◆ PROBLEM TO WORK ON: The whole listing below should be printed again exactly, with no images.

◆ DATA BLOCK:

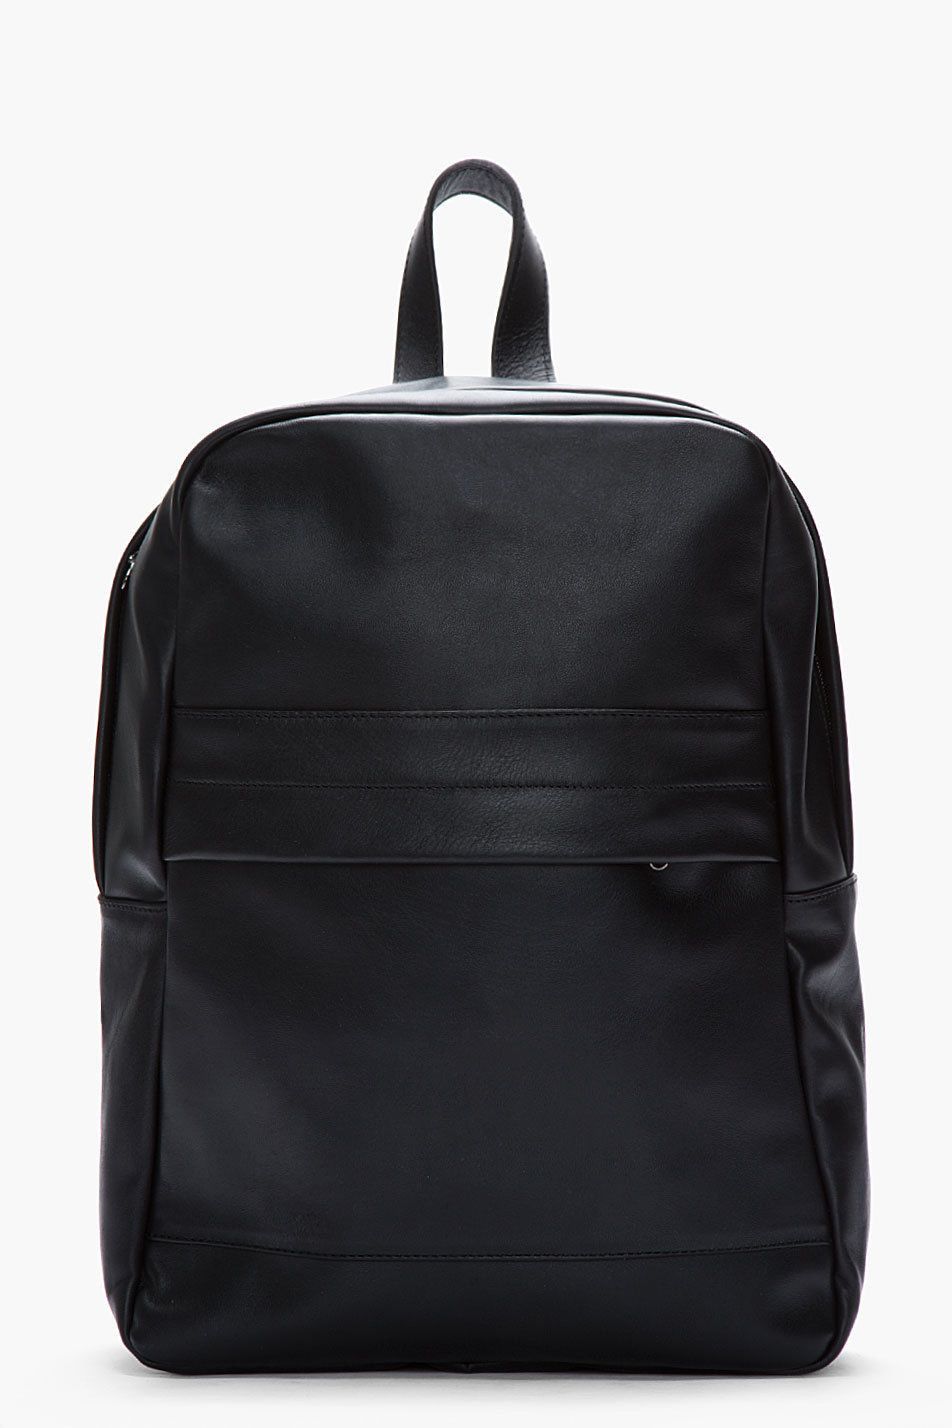 Common Projects Black Leather Backpack Size ONE SIZE - 1 Preview
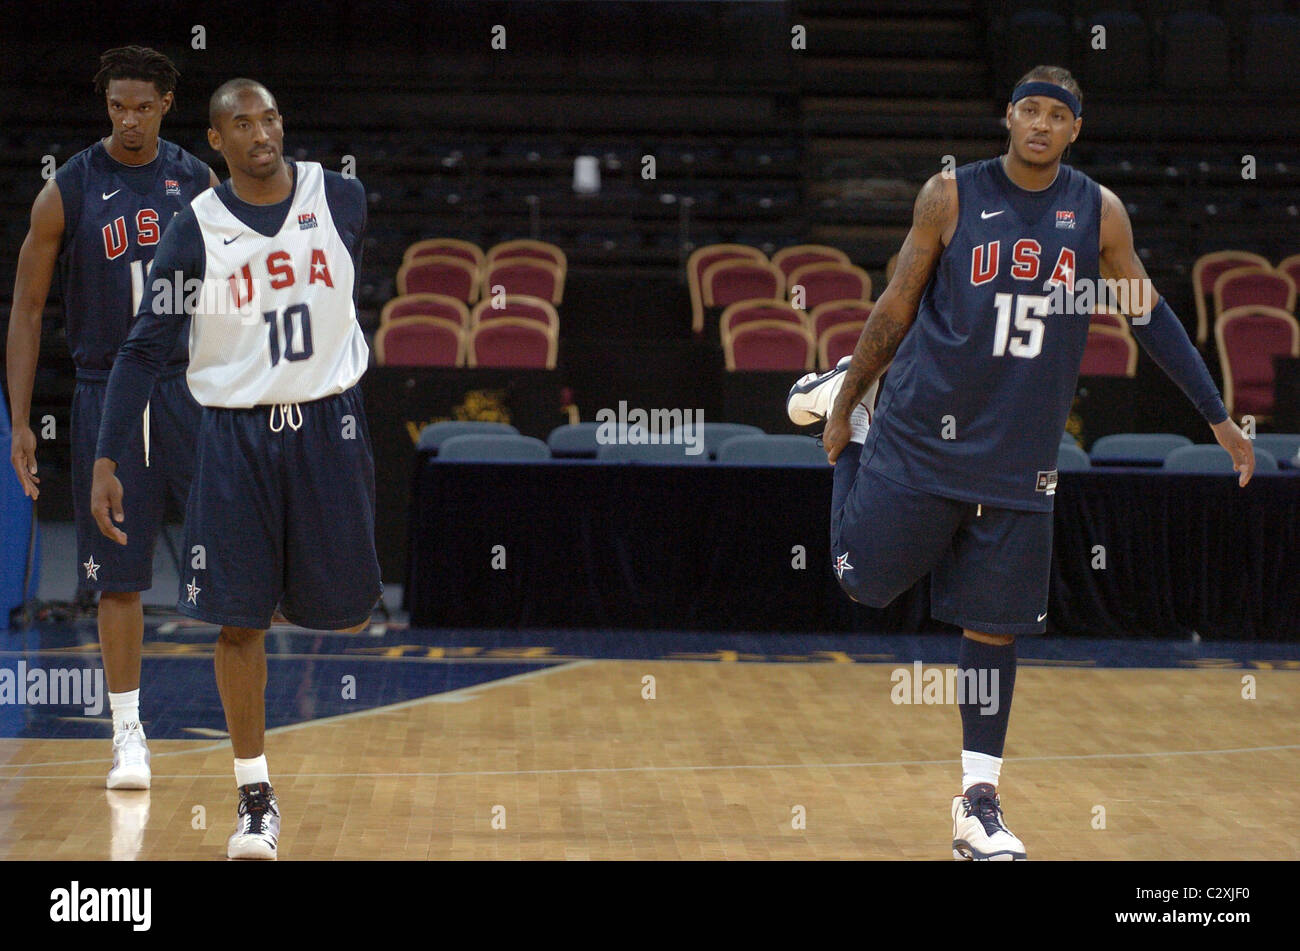 Players Carmelo Anthonyand Kobe Bryant The 08 Usa Basketball Men S National Team Practice During A Training Session For Stock Photo Alamy
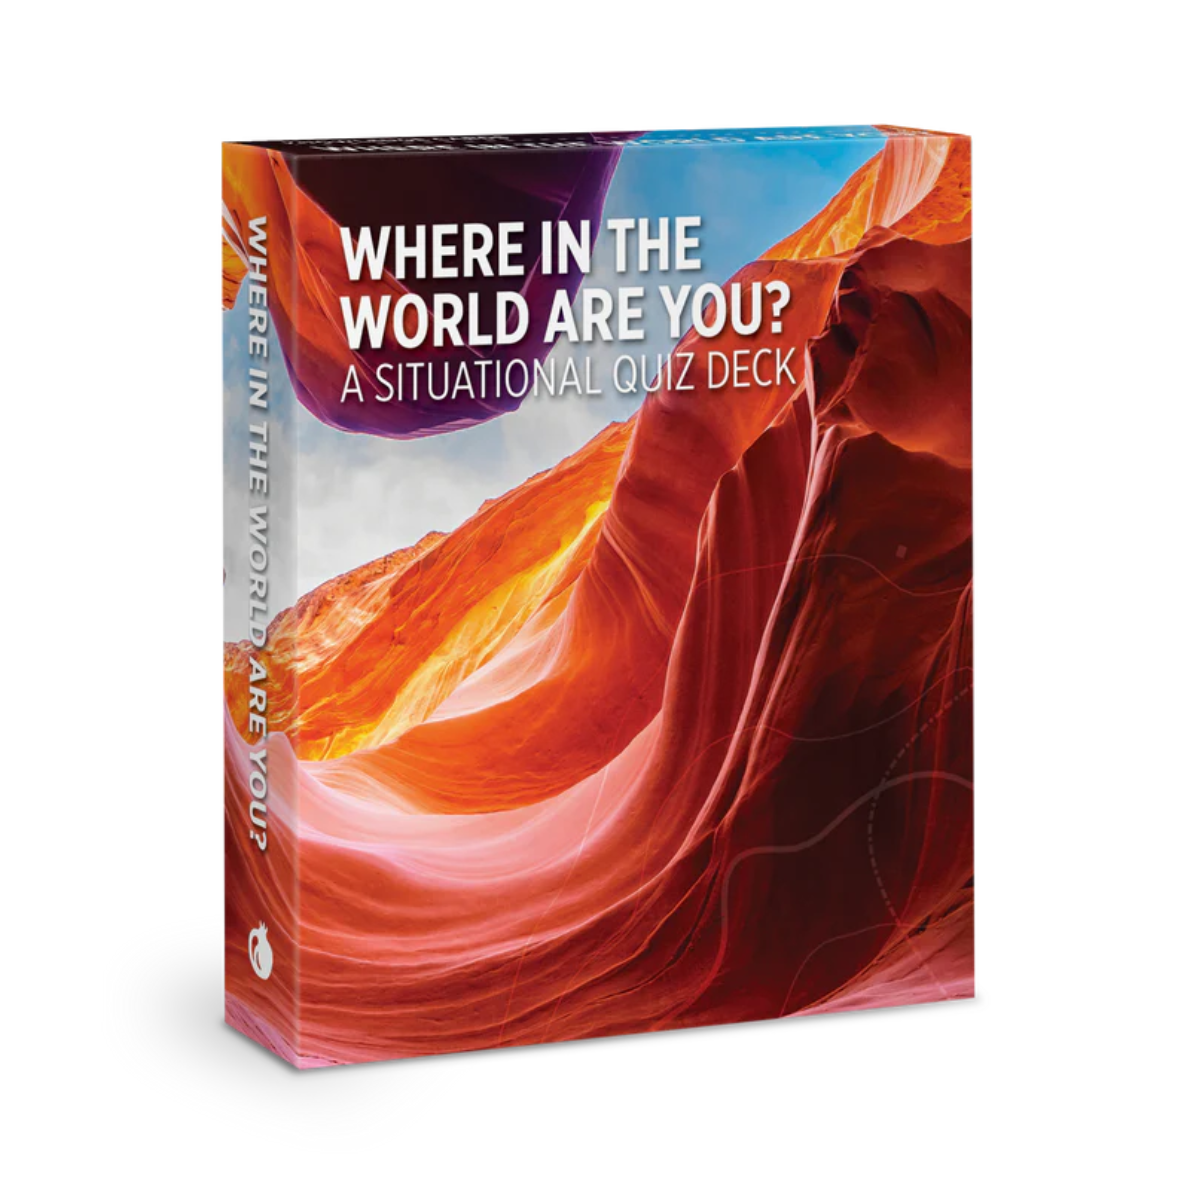 Where In The World Are You? A Situational Quiz Deck

◆ REPLY:
 Common Projects Black Leather Backpack Size ONE SIZE - 1 Preview
 Players Carmelo Anthonyand Kobe Bryant The 08 Usa Basketball Men S National Team Practice During A Training Session For Stock Photo Alamy
 Where In The World Are You? A Situational Quiz Deck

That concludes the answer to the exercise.